EXERCISE DETAILS> The following data is to be repeated exactly, its pictures excluded.

RECORDED INFORMATION>
□ □ □ □ □

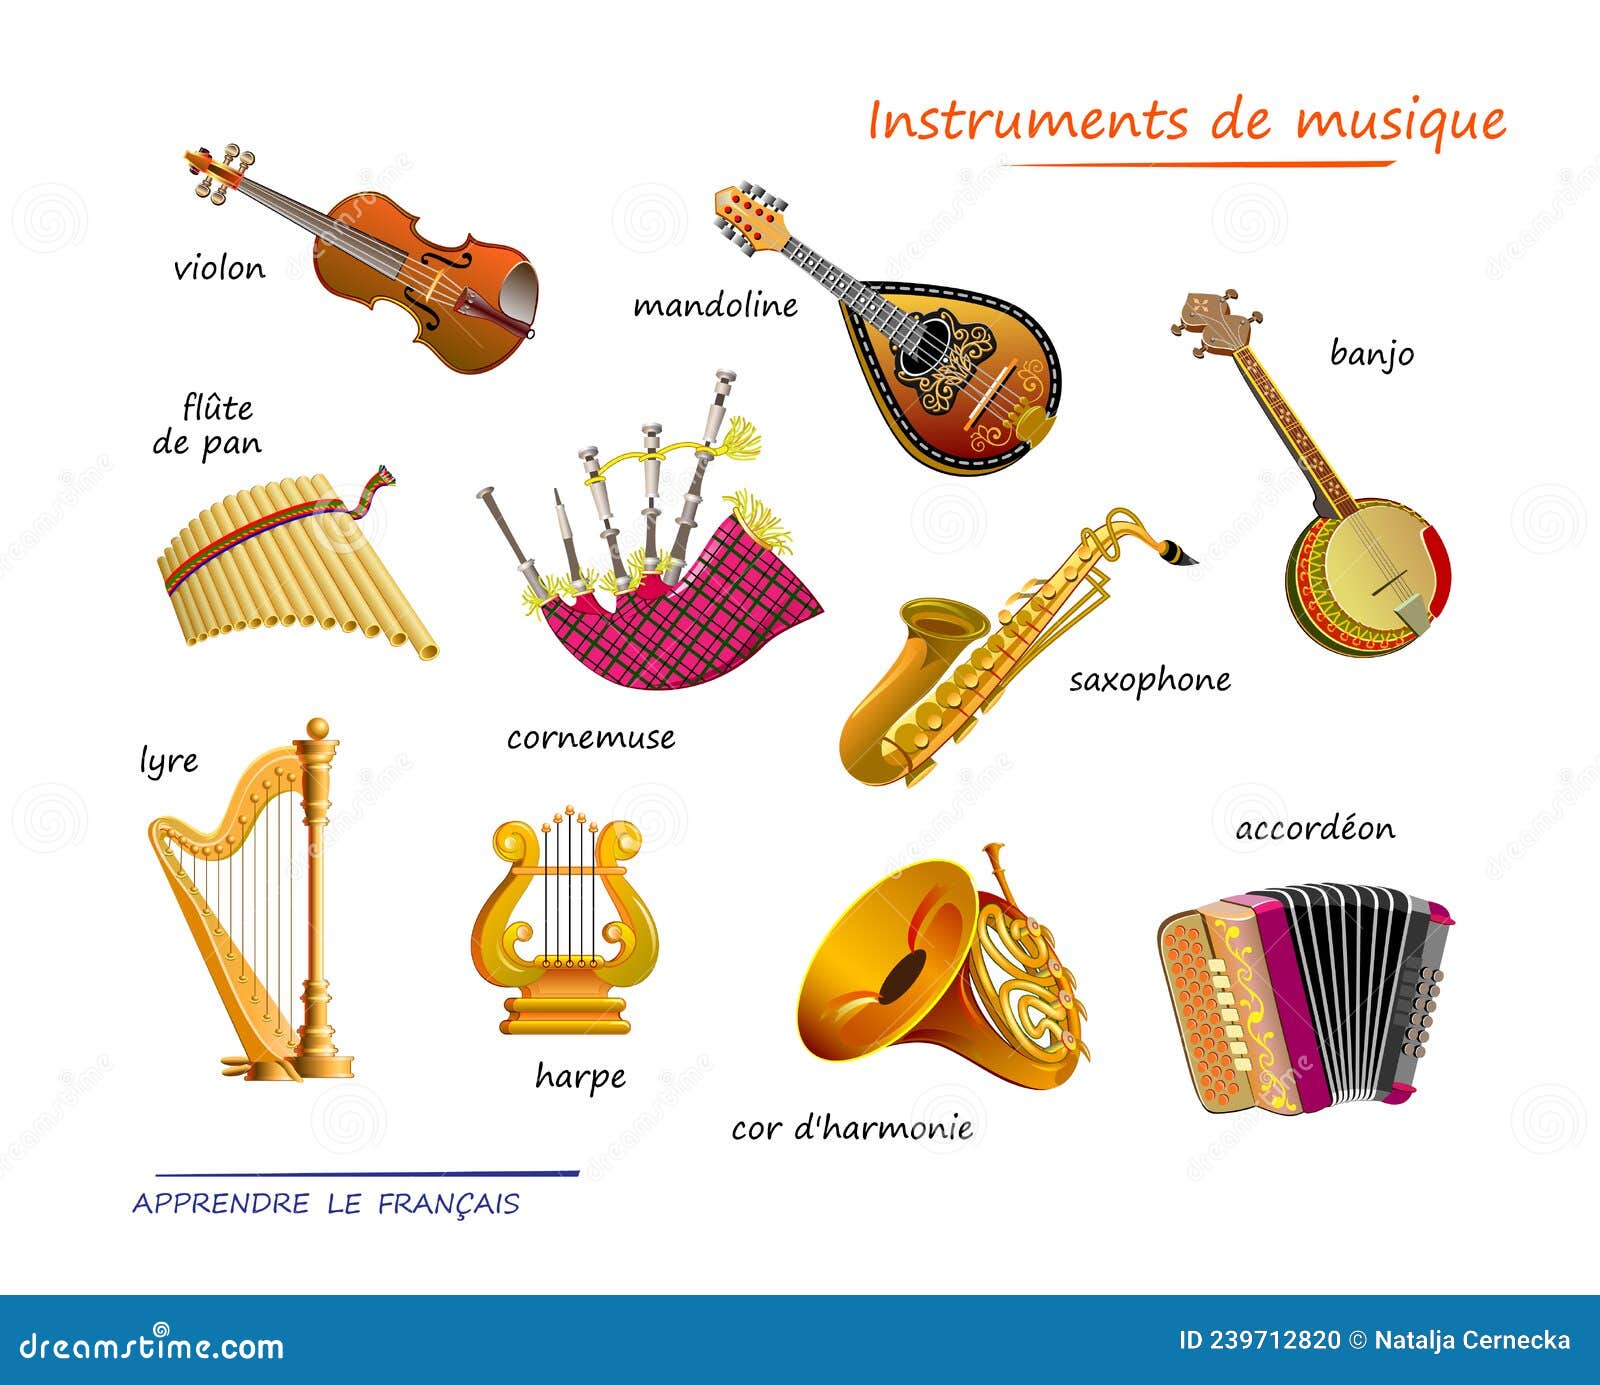 Quels sont les instruments de musique les plus faciles à apprendre ? -  Apprentus France
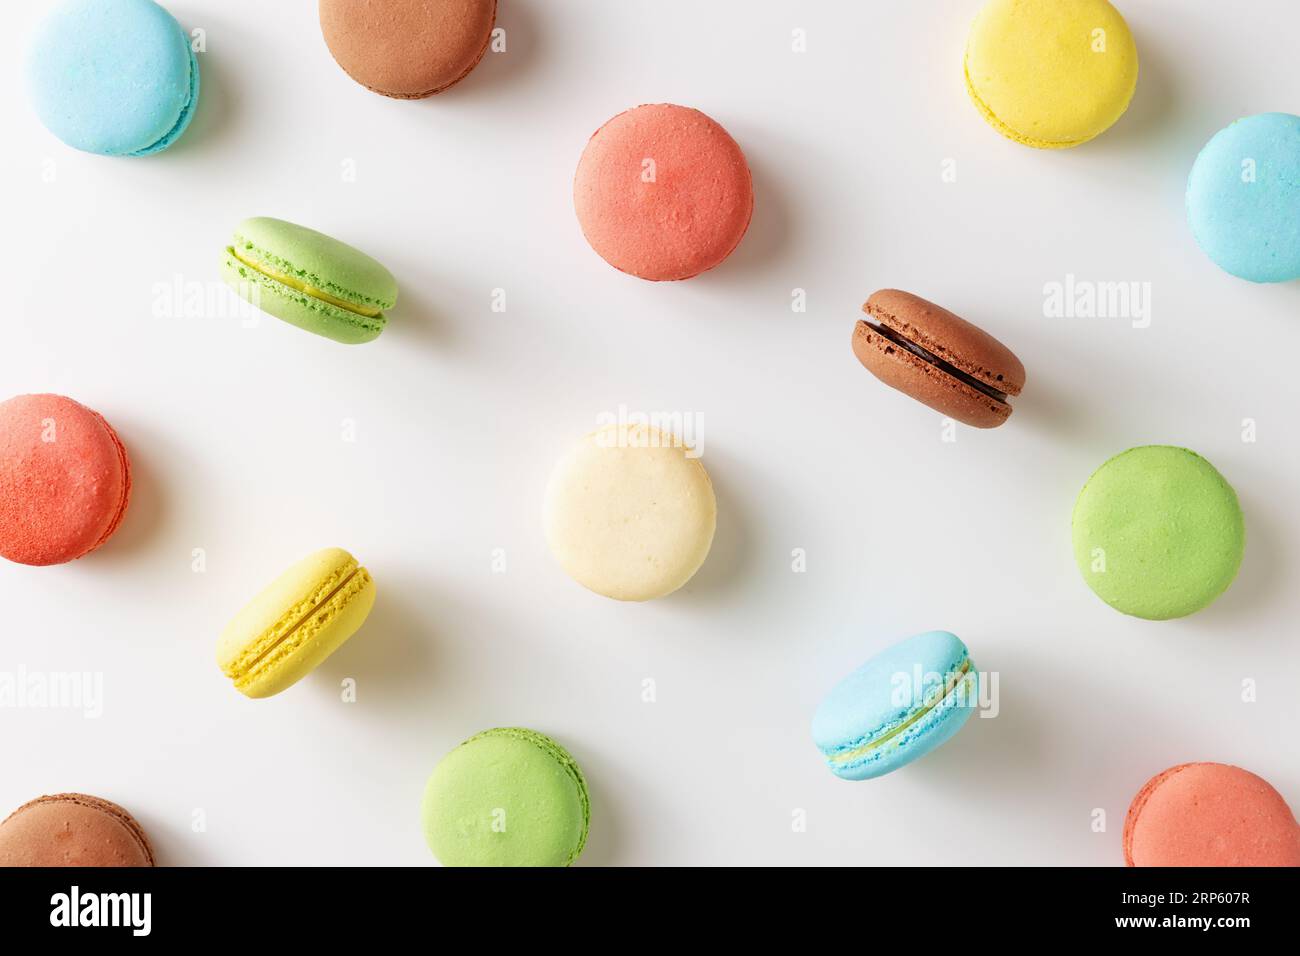 Dolci biscotti francesi colorati con macaron con diversi ripieni su sfondo bianco. Foto Stock
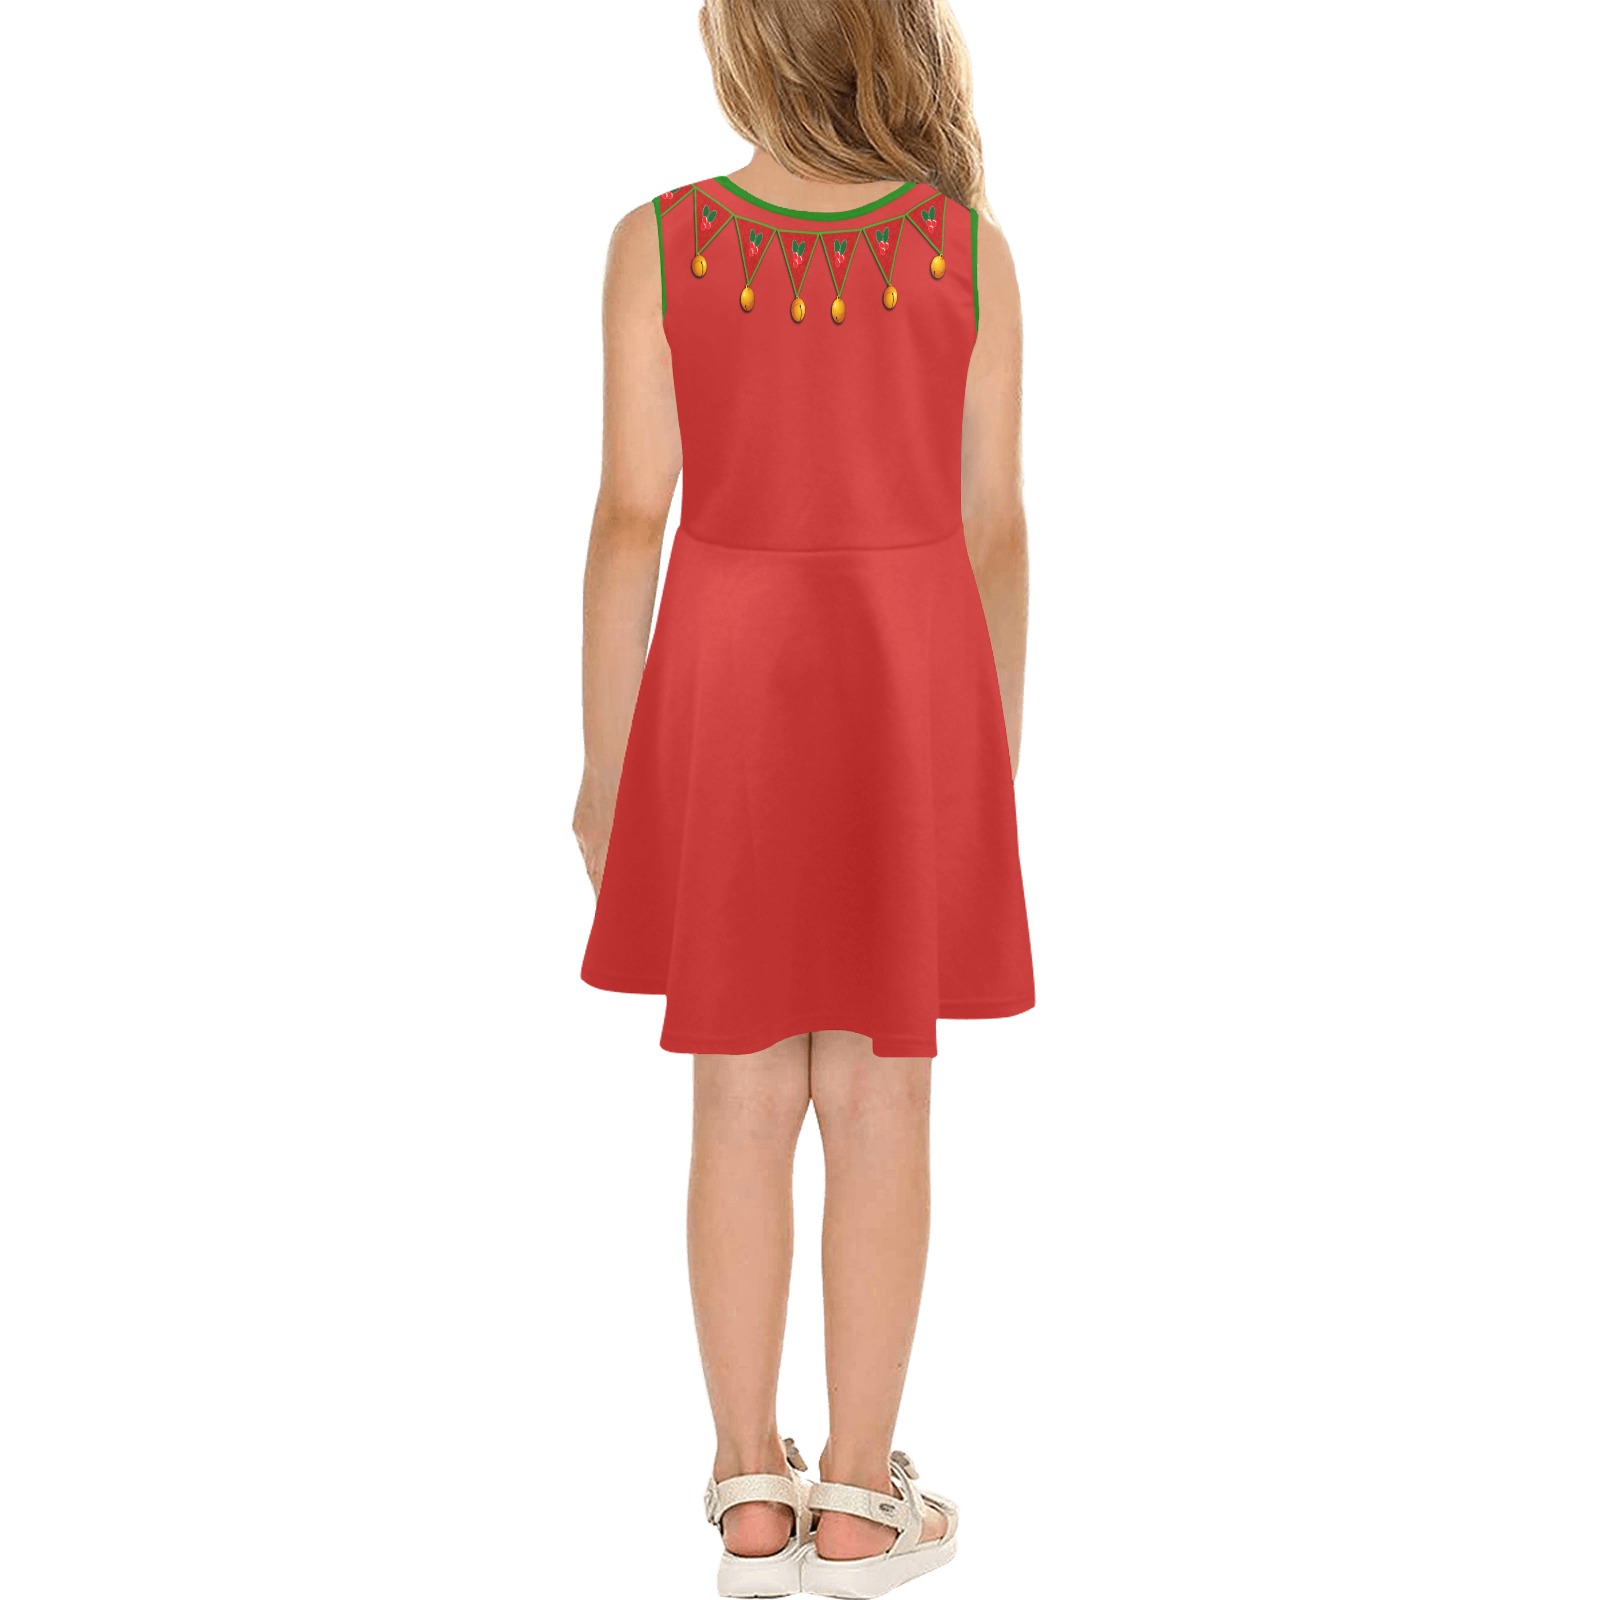 Red Elf Costume Girls' Sleeveless Sundress (Model D56)
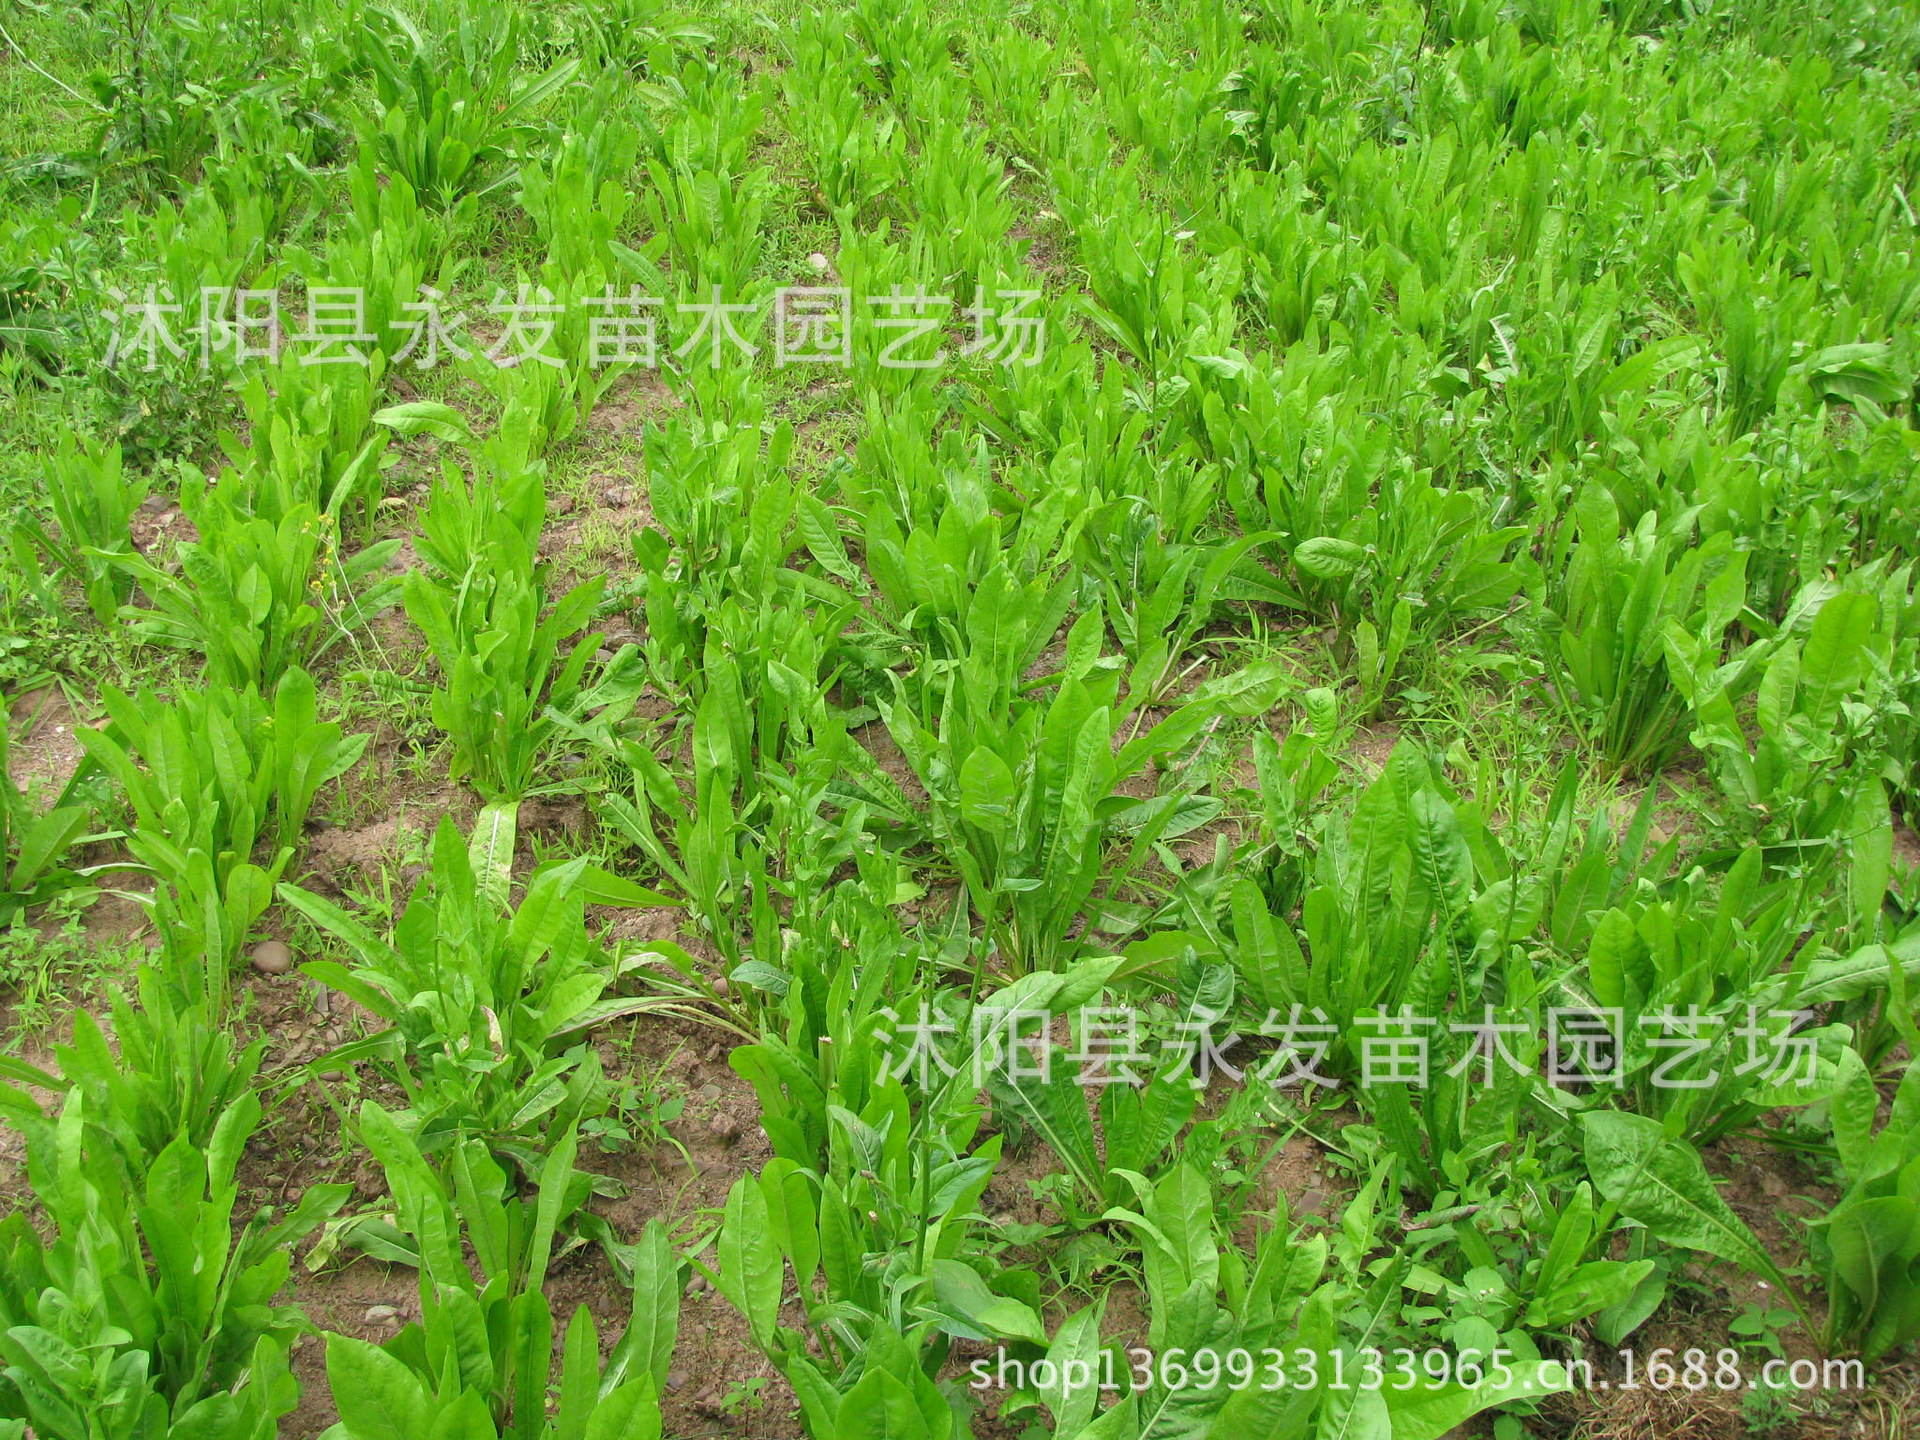 供应优质将军菊苣牧草种子 菊苣种子 益丰菊苣产量大适口性好牧草

□ □ □ □ □

EXERCISE RESULT>
 Quels sont les instruments de musique les plus faciles à apprendre ? -  Apprentus France
 Dolci biscotti francesi colorati con macaron con diversi ripieni su sfondo bianco. Foto Stock
 Red Elf Costume Girls' Sleeveless Sundress (Model D56)
 供应优质将军菊苣牧草种子 菊苣种子 益丰菊苣产量大适口性好牧草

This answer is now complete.